Он протянул вперед скованные руки и обхватил бутылку…
* * *В общей сложности душегуба Сашу заставили выпить бутылку водки и еще граммов пятьдесят коньяку из зеленковской фляжки.
Большего Саша не осилил — поплыл…
— А не помрет он от такой дозы? — с опаской спросил Витя.
— Не помрет, — покачал головой Зеленков. — Живучий, гад…
Вот так, в состоянии глубокого алкогольного «наркоза», Мирошникова и повезли в Питер.
Повезли — и в конечном итоге доставили в относительной целости и менее относительной сохранности.
Правда, уже в черте города имел место быть невеликий, но весьма неприятный инцидент с «нашенскими», питерскими, гаишниками.
Ну да повезло, обошлось без необратимых последствий. Не «кадры», но деньги — обратно решили всё. Хотя, конечно, аппетиты питерских дорожных полицейских оказались несоизмеримо злее, нежели у их провинциальных коллег.
ГЛАВА ЧЕТВЕРТАЯ
Санкт-Петербург, 25 августа, чт.
В начале второго ночи вусмерть вымотанный суточным марш-броском «Петербург — Тверь — Петербург» Петрухин разбудил изумленную охрану офиса «Магистрали»: сперва нежданно-негаданным появлением, а затем — своей «потерпевшей» мордой лица.
Злой, а потому не расположенный к полуночным разговорам с «шестерками» из СБ Дмитрий торопливо расписался в вахтенном журнале. И, не расслышав брошенную охранником ему в спину фразу «Дмитрий Борисыч! Там у вас в кабинете…», подсвечивая дорогу огоньком зажигалки, проследовал в отсек, в коем размещался служебный кабинет решальщиков.
Открыв дверь своим ключом, Дмитрий с облегчением вошел внутрь, щелкнул выключателем и… вздрогнул от неожиданности. Узрев на диванчике для посетителей мирно посапывающего командированного. То бишь собственною персоною Купцова. От внезапной вспышки света Леонид проснулся, поворотил голову, на секунду явив приятелю мрачную заспанную физиономию и…

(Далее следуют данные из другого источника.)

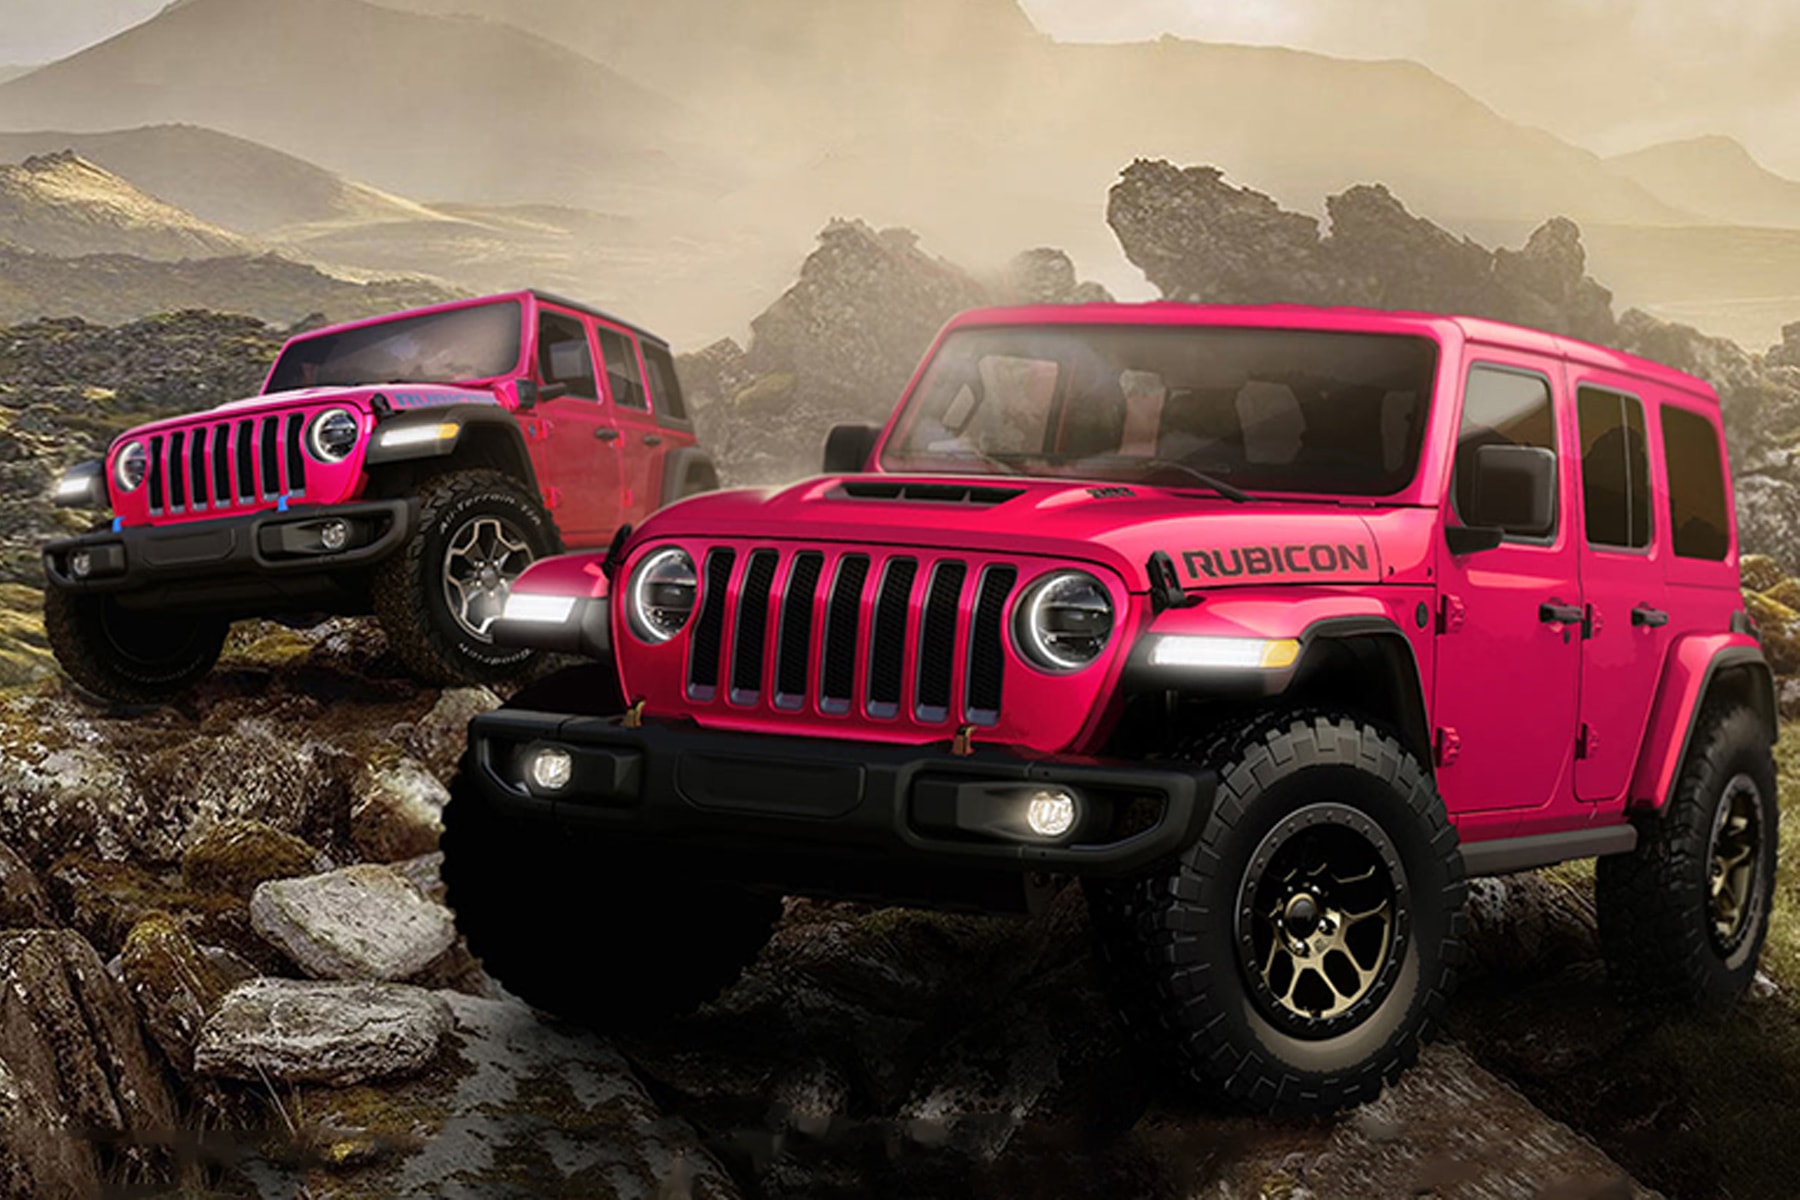 2021 年式樣 Jeep Wrangler 推出全新「Tuscadero Pink」配色車漆塗裝

И зашелся в истерическом смехе…
— Позвольте узнать, товарищ инспектор, что вас так развеселило? — оправившись от первоначального шока недовольно спросил Петрухин.
— Это… это что? — давясь от смеха, спросил Леонид.
К слову, видок у партнера и в самом деле был что ни на есть геройский: левая сторона лица опухла и почернела, и из этой черноты на Купцова сердито поблескивал Митькин глаз.
— Это? Хм… Спецэффекты… Это я пробовался на роль в блокбастере «Летающий кулак». Кинокомпания «Калинин-Пикчерз» представляет.
— А-а… А я-то думал — «Летающий сапог».
— Не, это ты ошибся, — несогласно качнул головой Петрухин и сделал попытку улыбнуться.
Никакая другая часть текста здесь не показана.